Your goal: Return all the data exactly, keeping the pictures out.

Source material:
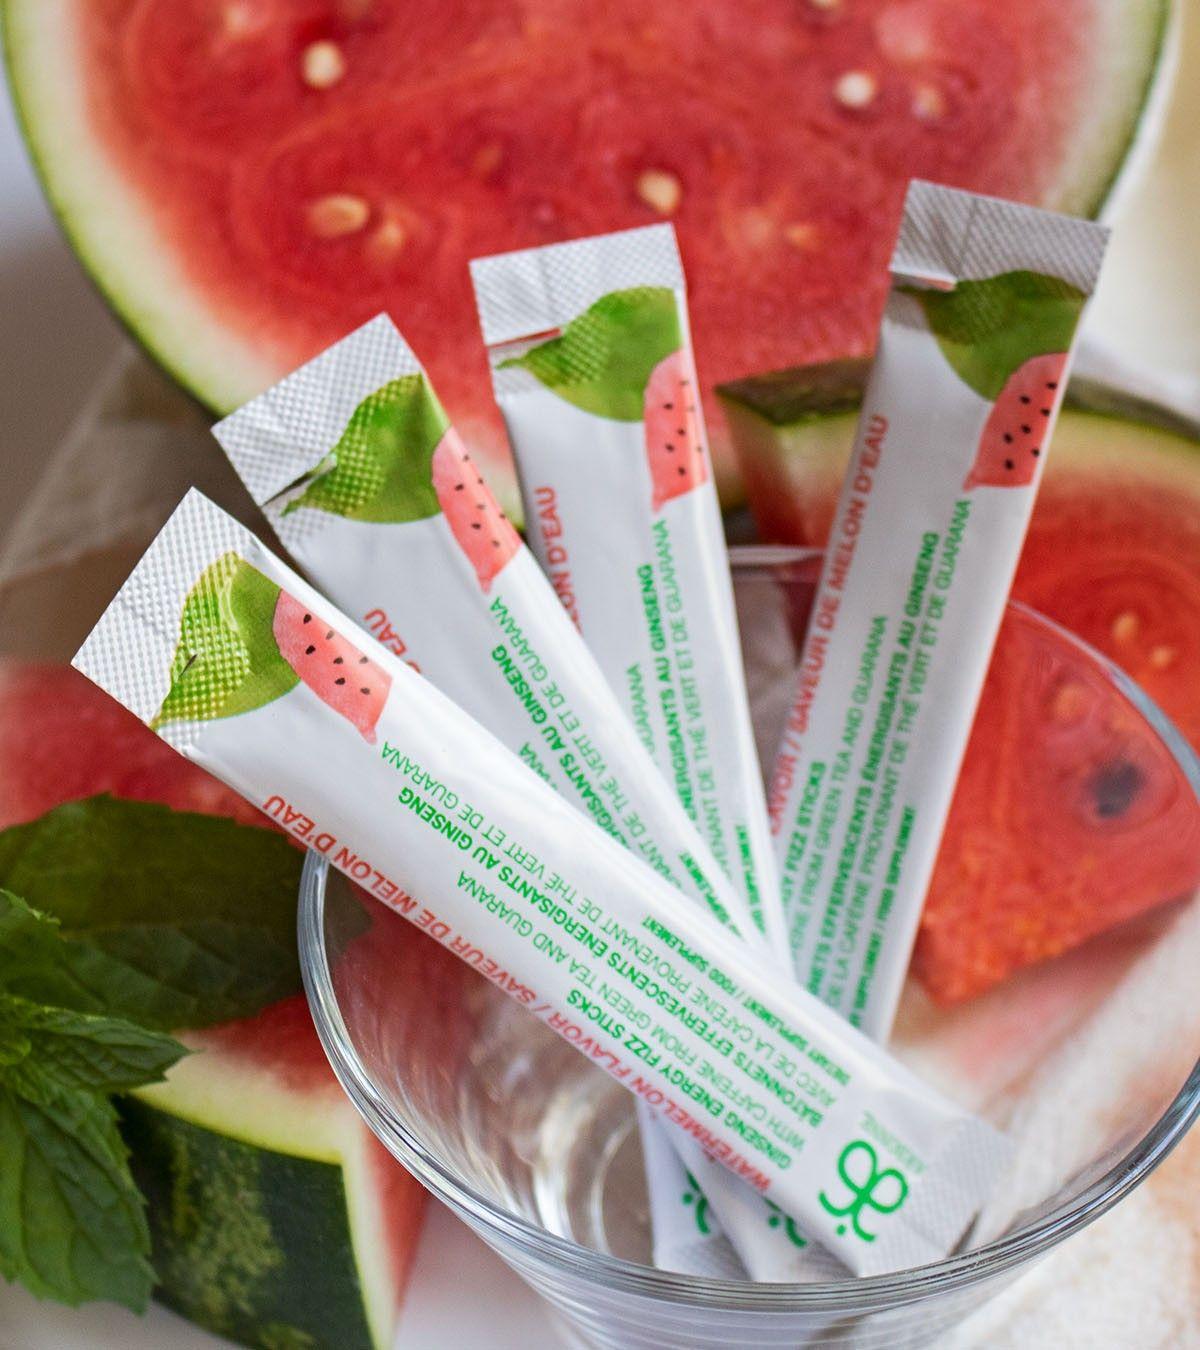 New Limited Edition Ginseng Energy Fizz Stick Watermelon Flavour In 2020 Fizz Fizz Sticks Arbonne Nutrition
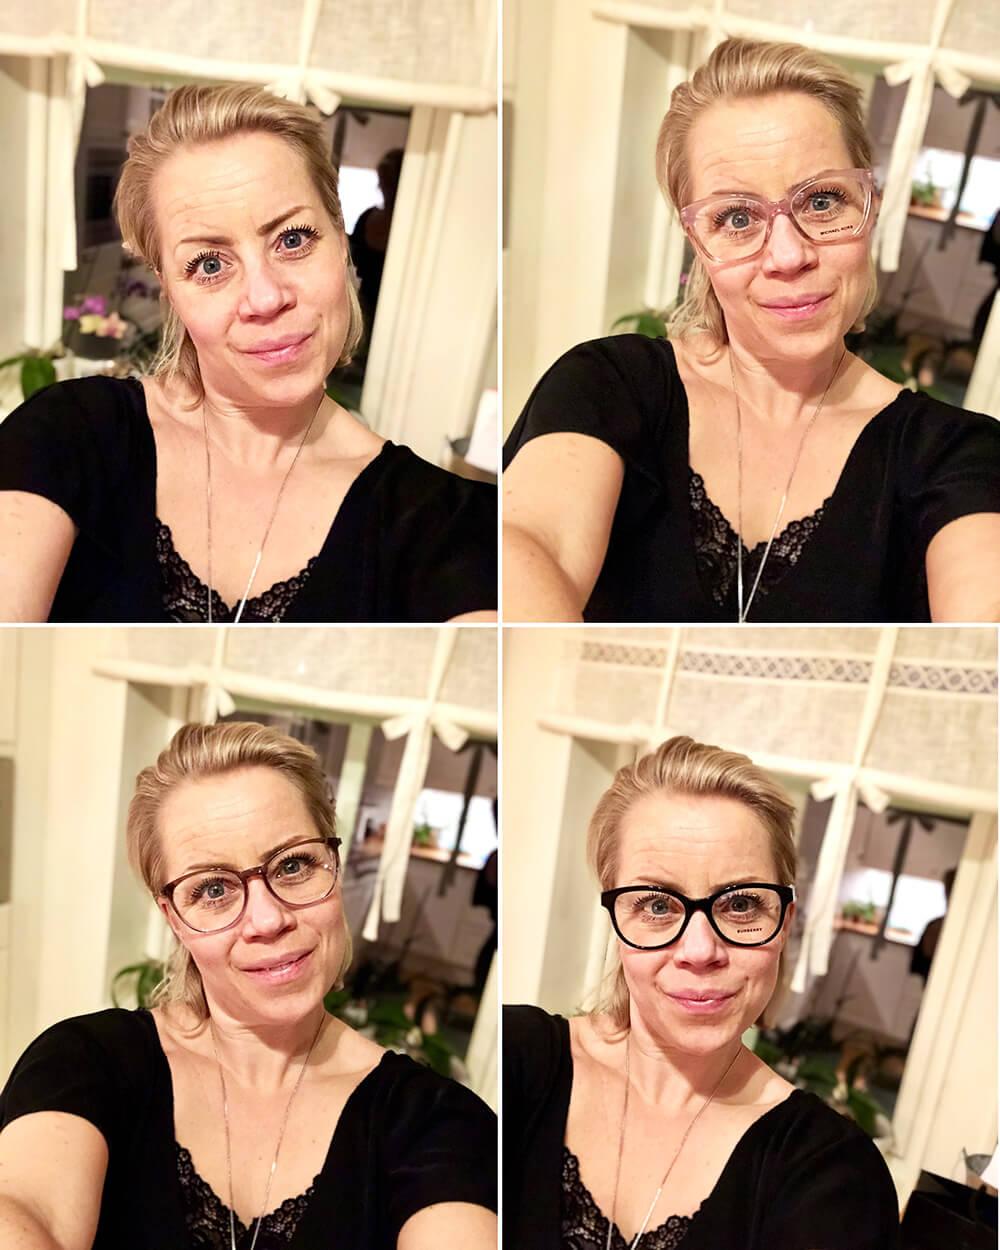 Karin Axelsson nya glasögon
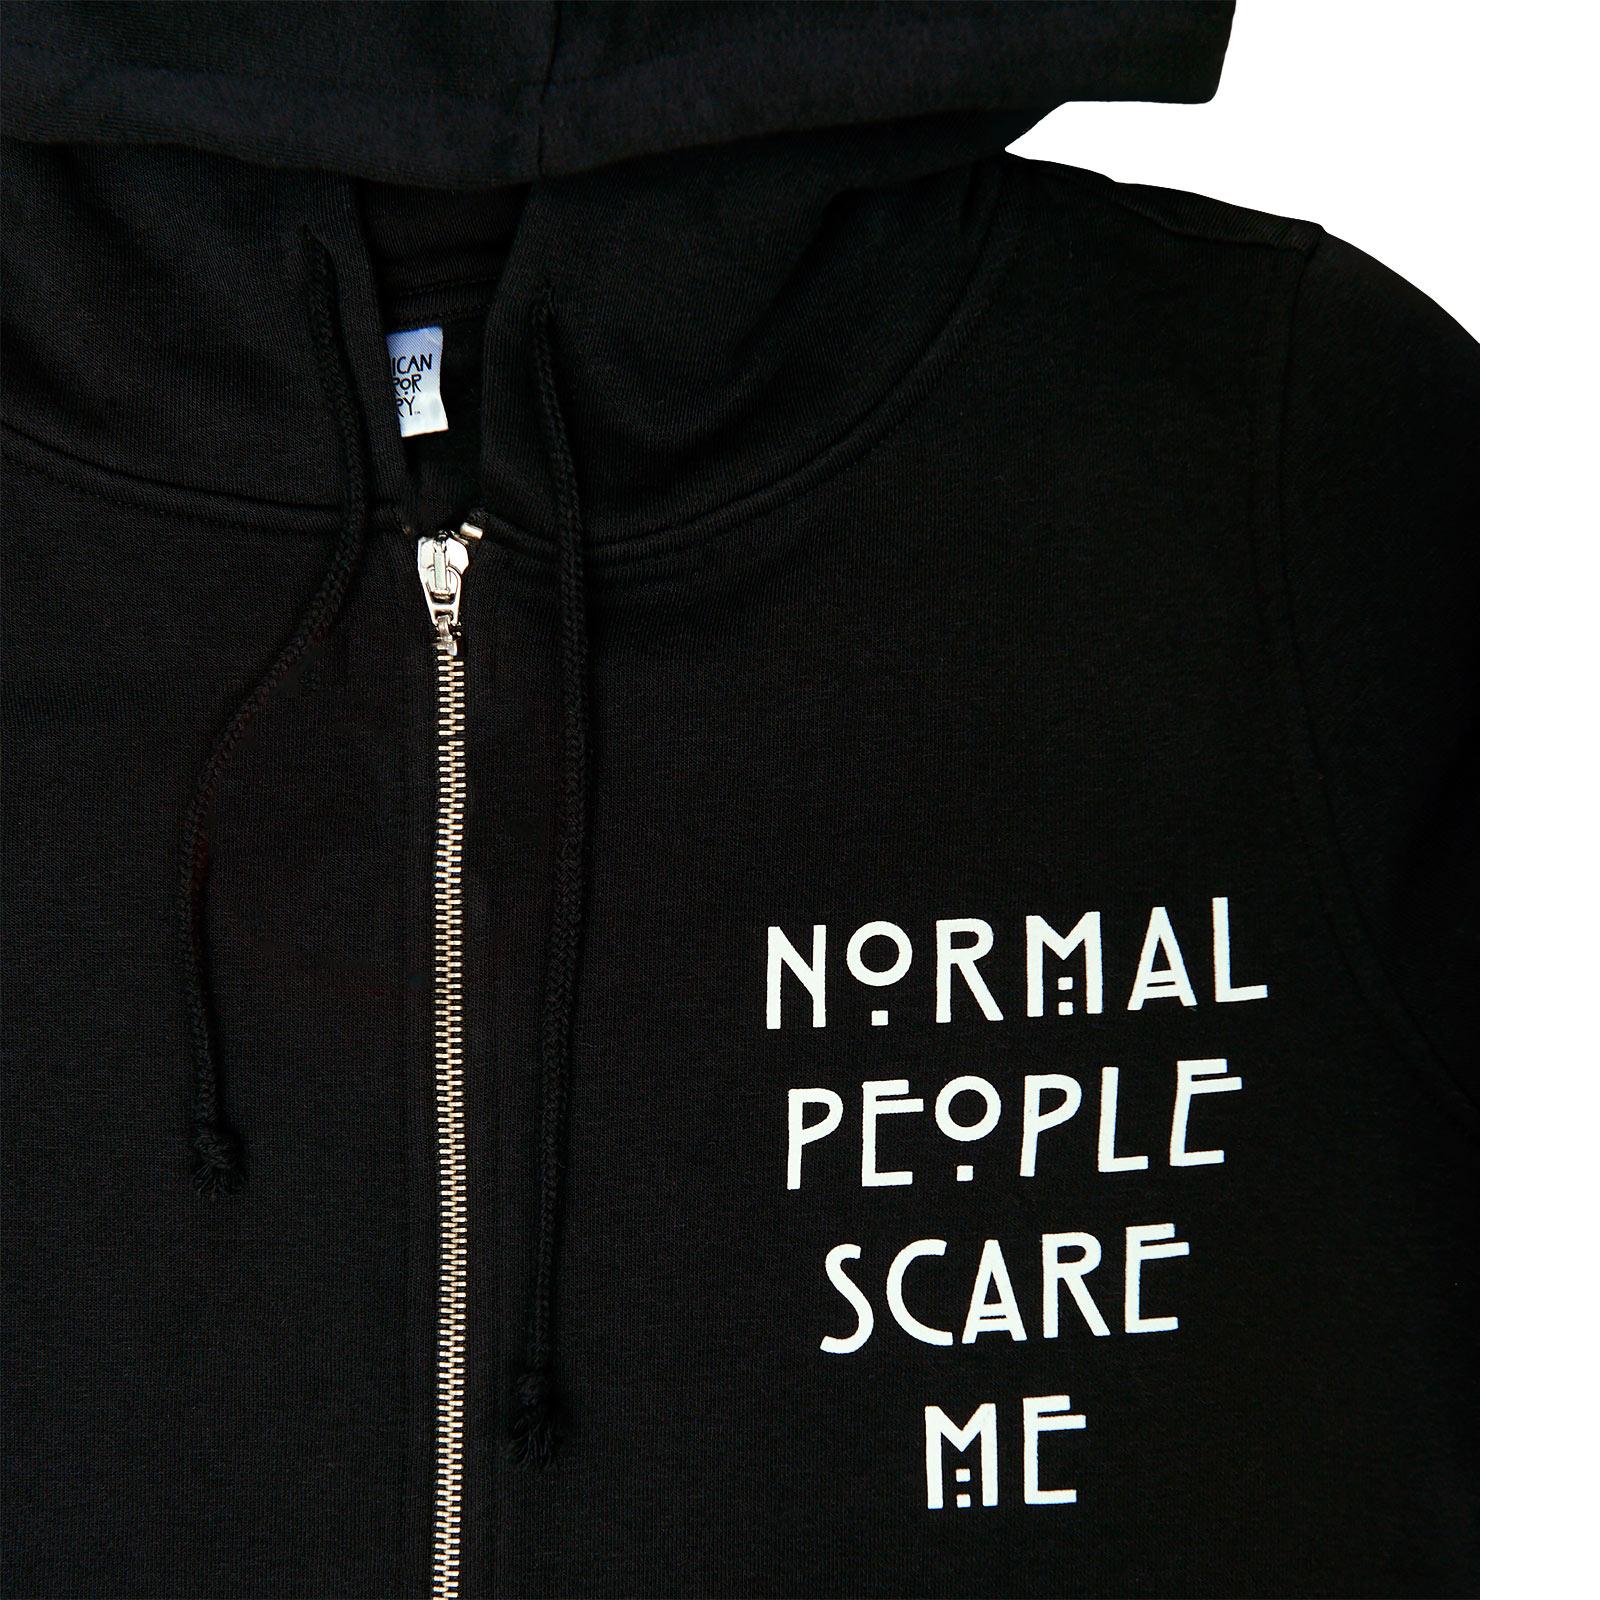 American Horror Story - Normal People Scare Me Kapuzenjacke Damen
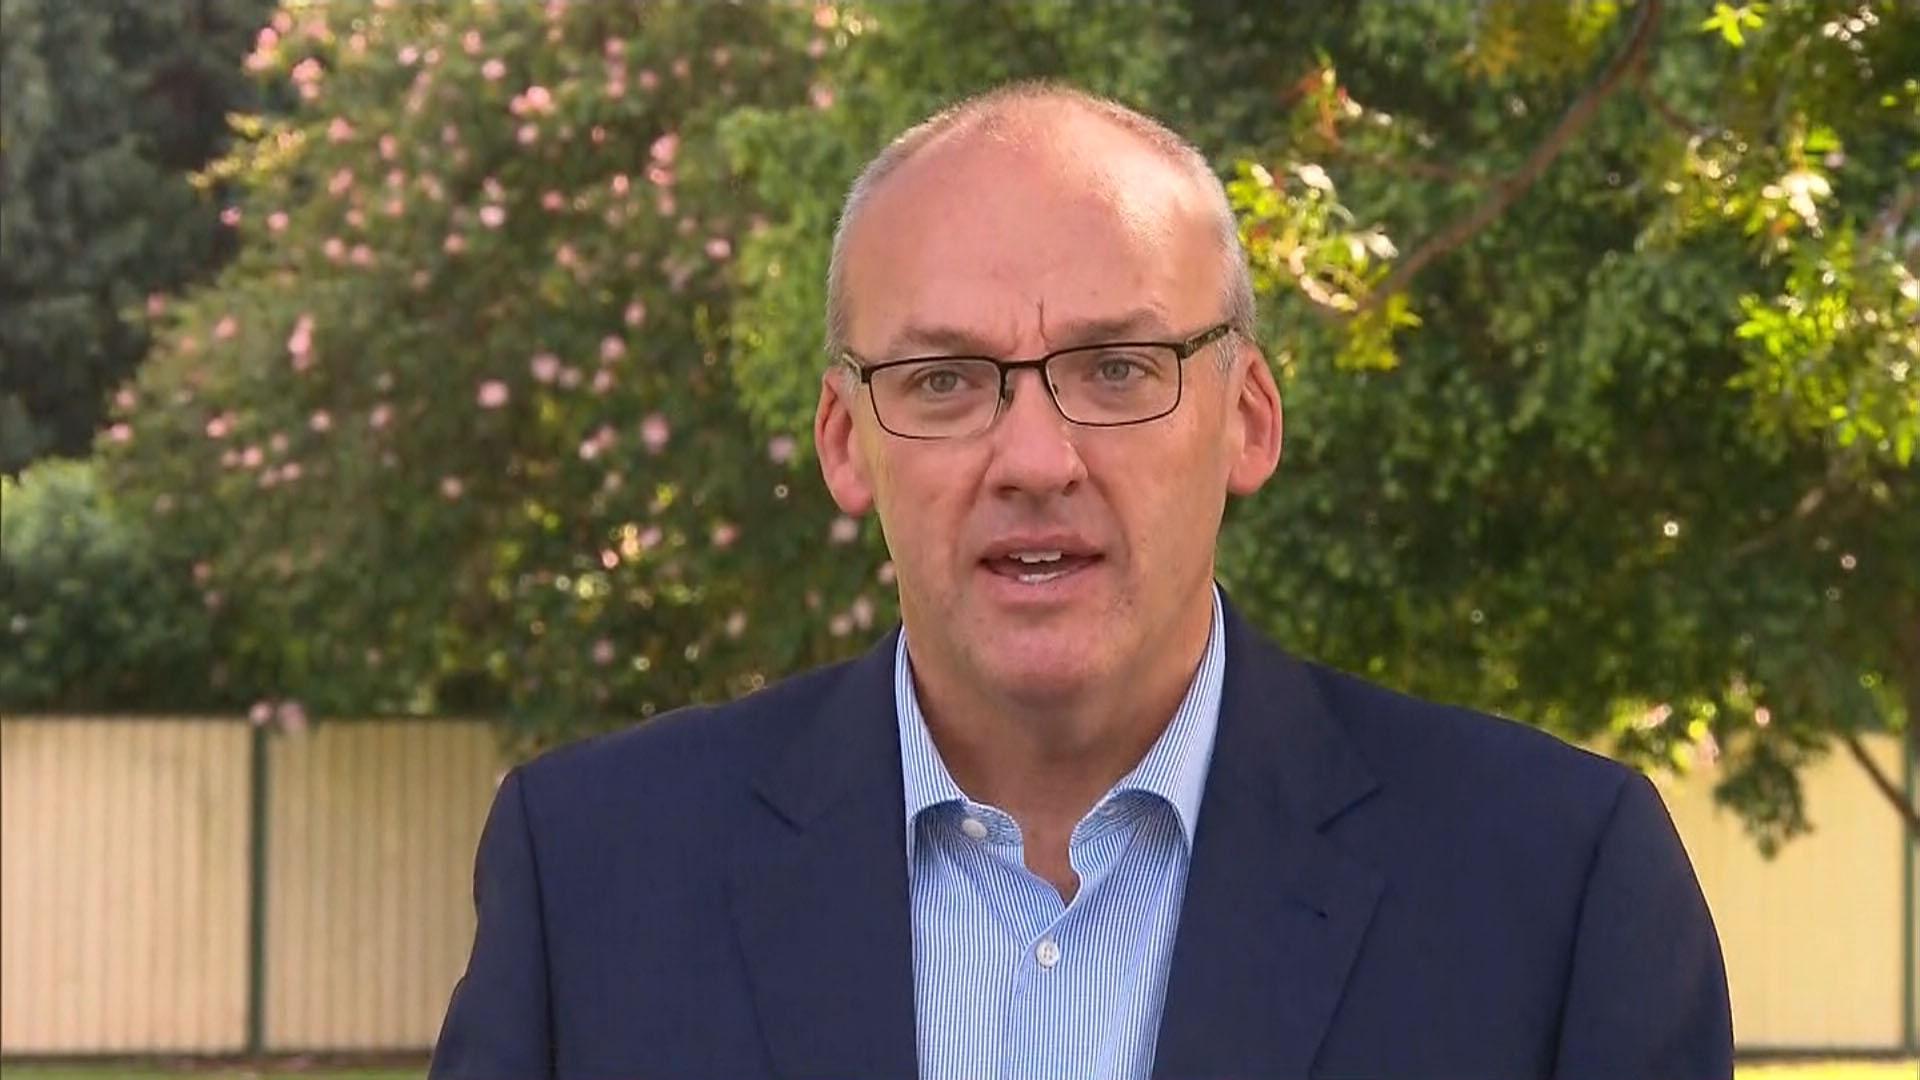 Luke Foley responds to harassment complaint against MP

Task solution:
 New Limited Edition Ginseng Energy Fizz Stick Watermelon Flavour In 2020 Fizz Fizz Sticks Arbonne Nutrition
 Karin Axelsson nya glasögon
 American Horror Story - Normal People Scare Me Kapuzenjacke Damen
 Luke Foley responds to harassment complaint against MP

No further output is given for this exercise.